Shiite Iran has urged overwhelmingly Sunni Turkey to respect Syria's sovereignty in its bombing of IS group targets.

In a telephone call with Erdogan last week, Iranian President Hassan Rohani suggested that Turkey should "coordinate" attacks with both Syrian and Iraqi governments.

In the article, Zarif also criticised US-led "Greater Middle East" project for preparing the ground for military interventions in the region.

Turkey was once considered a key actor in the initiative during the presidency of George W Bush, seen as a predominantly Muslim country with a working democracy.

Syria peace plan

Shortly after the news that Zarif’s Turkey trip had been postponed, his spokesperson Marzieh Afkham announced that the Iranian Foreign Minister would travel to Syria on Wednesday, following a scheduled visit to Lebanon later Tuesday.

Afkham said that while in Damascus Zarif will discuss details of a peace plan for Syria drawn up by Iran, which Tehran said last week would soon be presented to the United Nations.

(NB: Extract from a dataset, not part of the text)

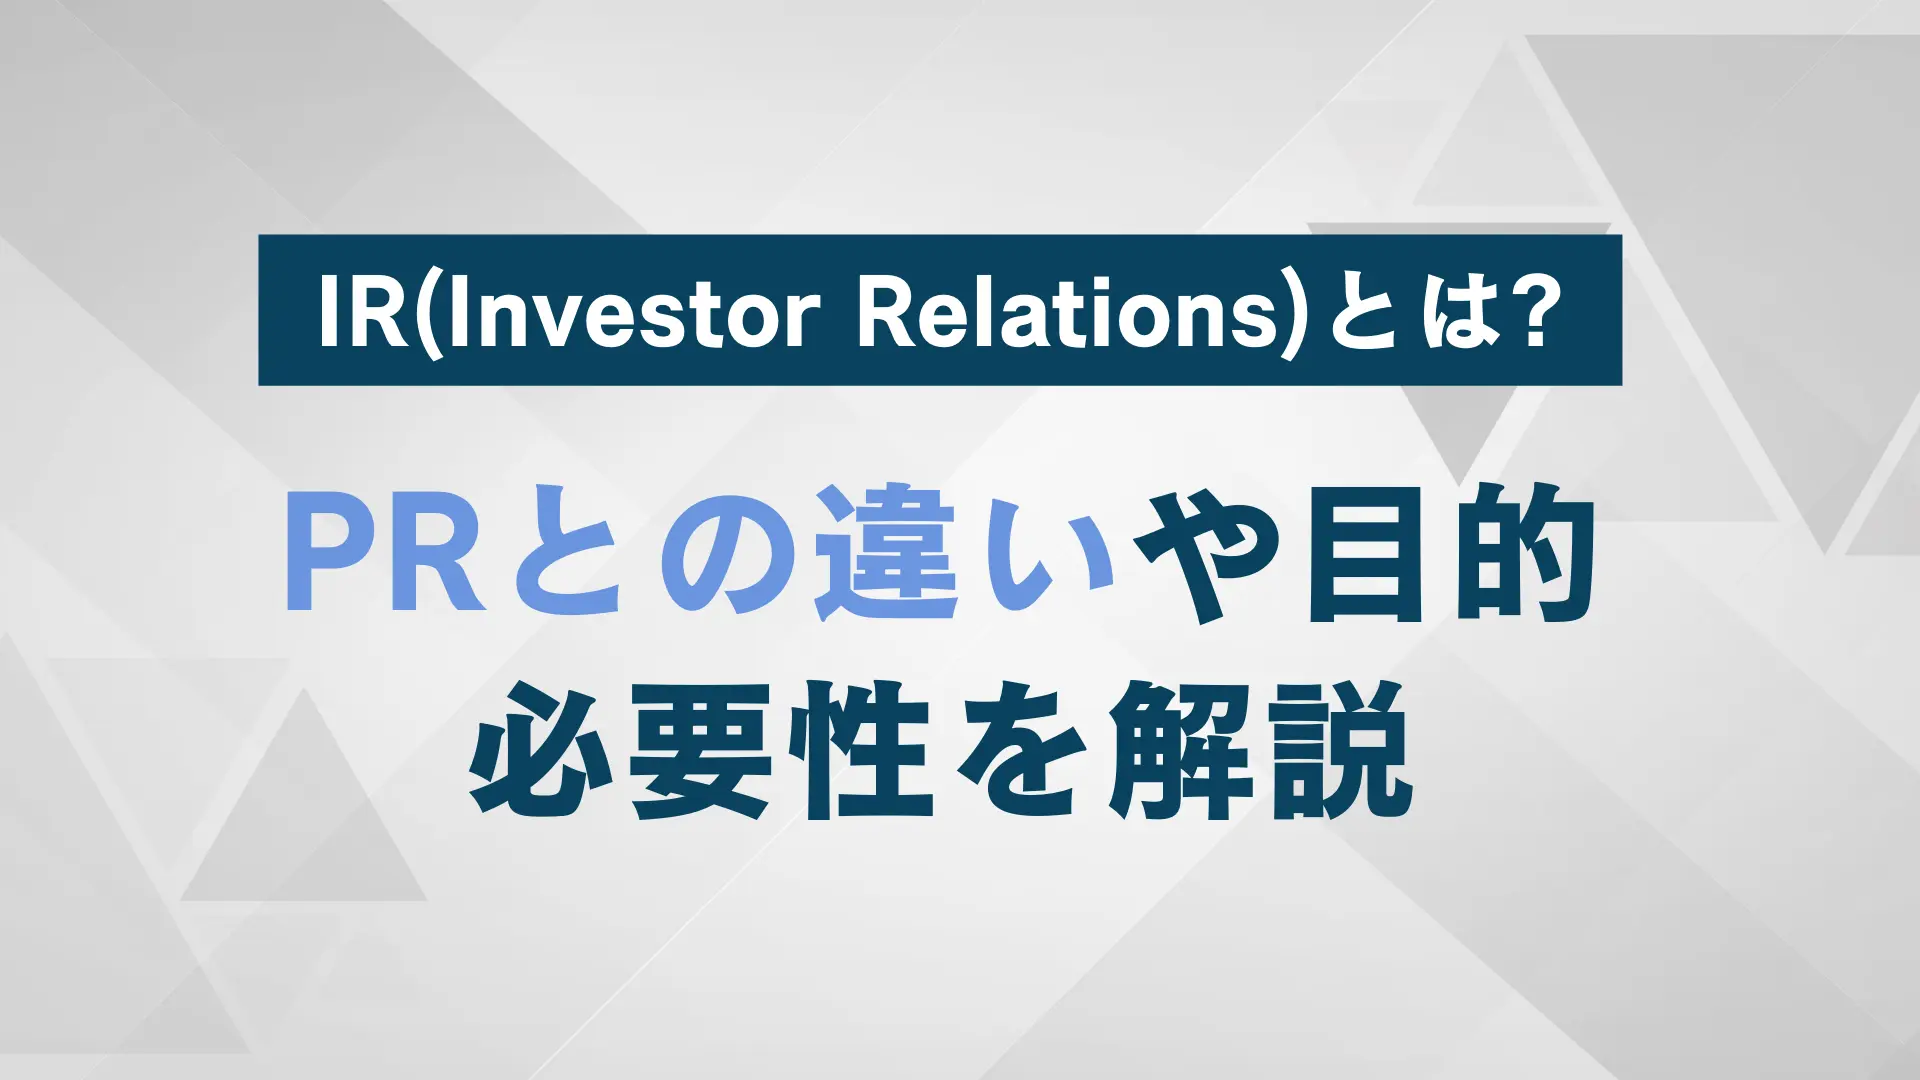 IR（Investor Relations）とは？PRとの違い、目的、そして必要性を解説

Afkham said the plan was based on "respect for the Syrian people's legitimate right to reforms and to decide their own future".

It also rejected "using terrorism for political ends" as well as "foreign interference in the Syrian government's independent policies".

t will be Zarif's first visit to Damascus since Tehran signed a nuclear deal with world powers on July 14, and comes as part of a regional tour.